Postby Jay Labrador » Wed Jun 14, 2006 12:54 pm

Dinner featuring Yalumba wines at Paparazzi restaurant at the EDSA Shangri-La Hotel.

Angas Brut Premium Cuvee NV - Simple but refreshing. A thirst quencher and adequate welcome drink. OK.

Mawson's Wrattonbully Sauvignon Blanc 2005 - Very restrained flavor. Herbal and boiled sweets scents. Short finish. OK for sipping but not a good match with the green mango and prawn salad or the carrot soup with which it was paired.

Yalumba Eden Valley "Wild Ferment" Chardonnay 2004 - Prominent charred oak and a bit of butter on the nose. The burnt wood carries into the flavor. Full bodied wine that initially seemed slightly flabby but finishes with a good dose of balancing acidity. Over the top for sipping but a good match with the roasted orange roughy fillet with a basil-caper butter sauce.

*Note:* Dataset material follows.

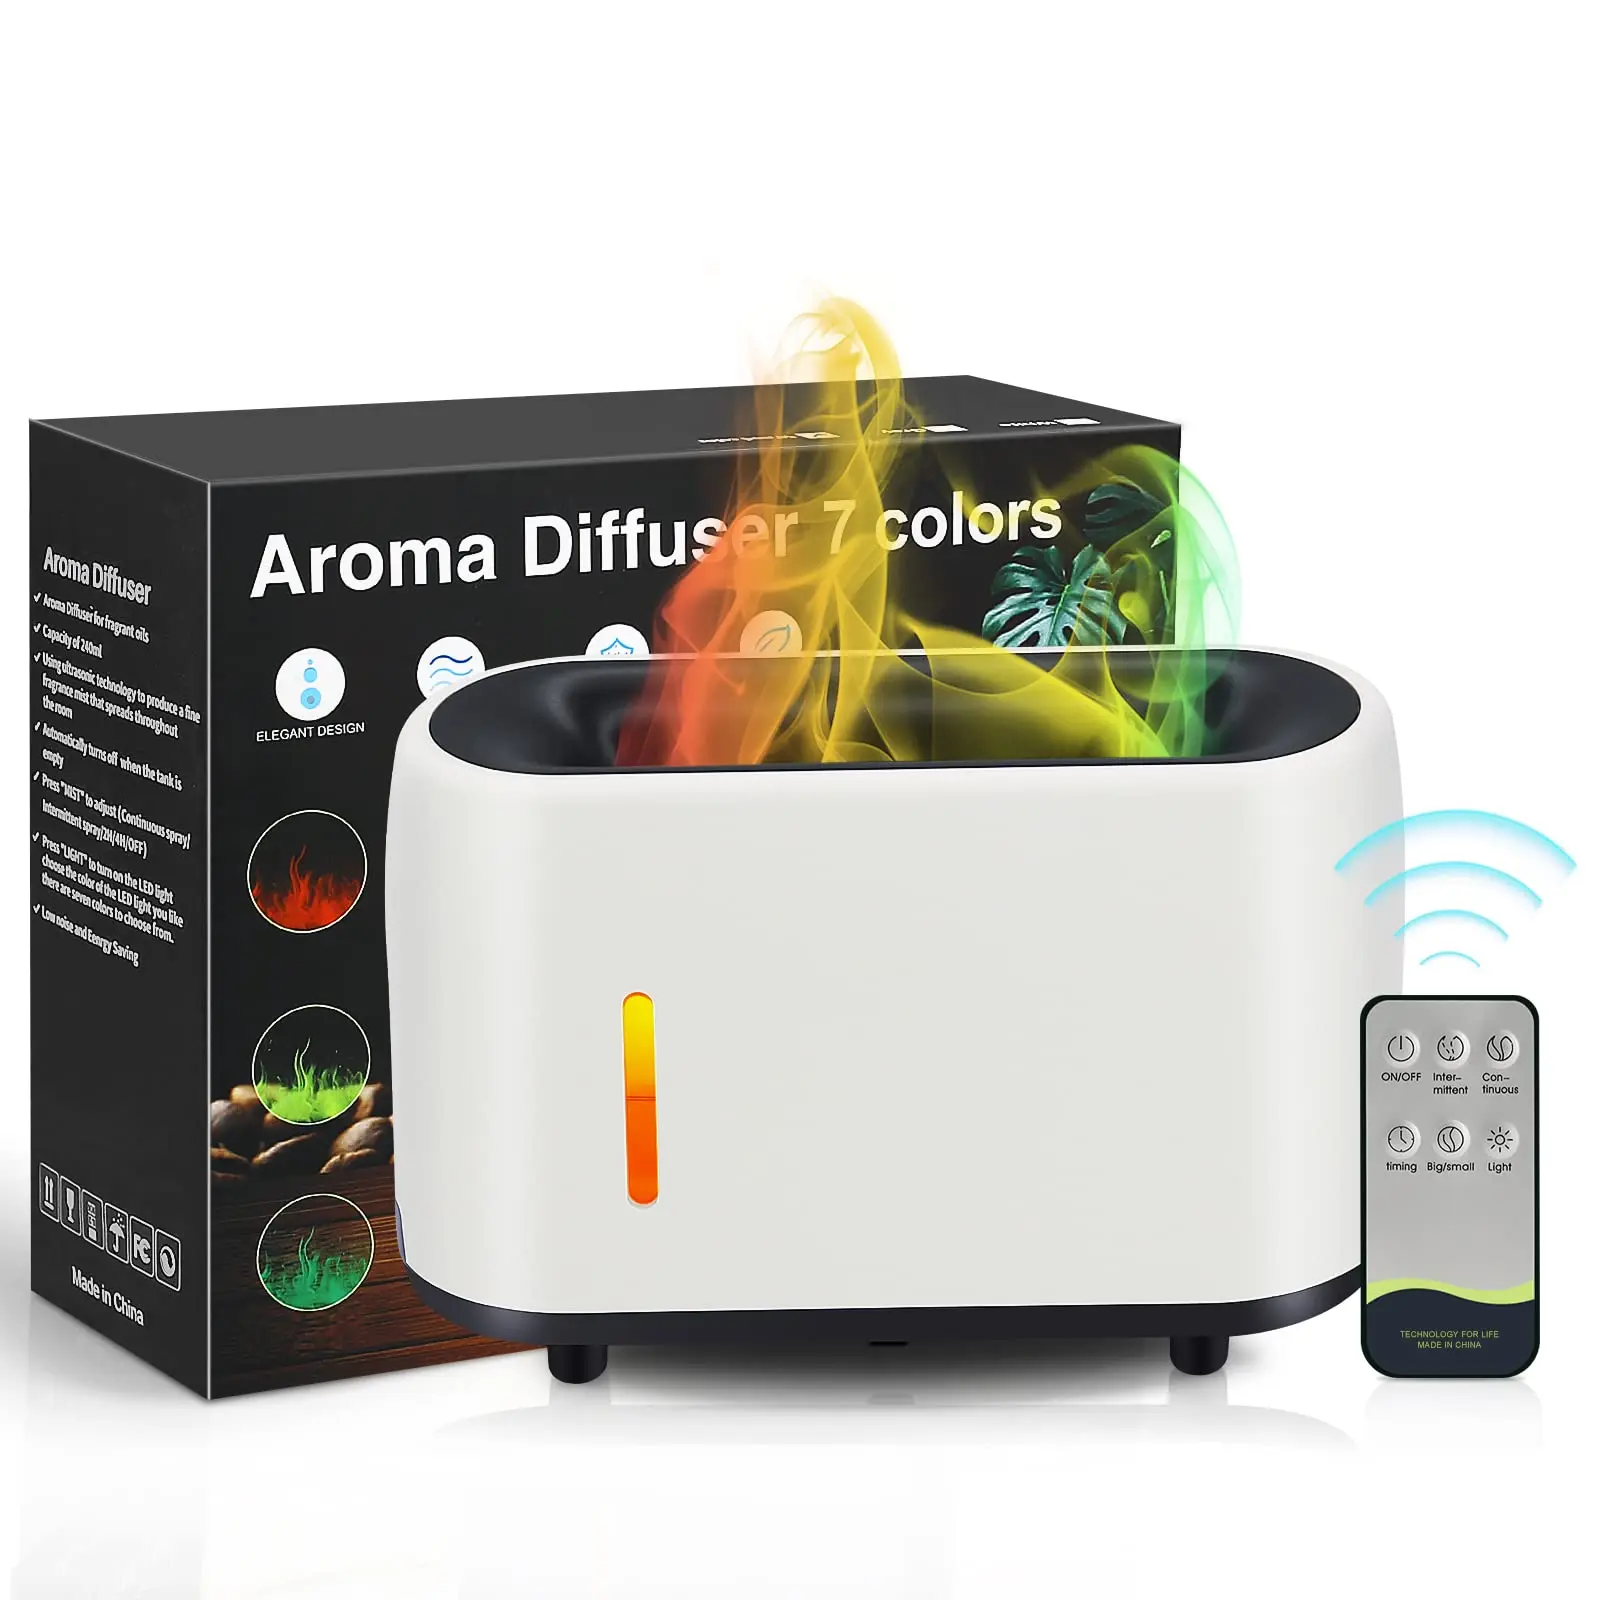 

Flame Aroma Diffuser Air Humidifier 7 Flame Colors,Essential Oil Aroma Therapy Diffuser with Waterless Auto-Off Protection

Yalumba The Menzies Cabernet Sauvignon 2002 - Fruit and coffee nose. Softer than I expected. Chocolate flavors mostly at first. Cherry and cassis fruit after some time in the glass. Long finish. The oak is well integrated. Seamless, complex and perfectly balanced. Excellent stuff and best wine of the dinner.

Yalumba Octavius Shiraz 2000 - Sweet nose with some mint. Spicy. Thick. A little too sweet. Typical Oz. Cloying finish. Strong and heavy wine. Unbalanced. Not good. Totally outcalssed by the Menzies.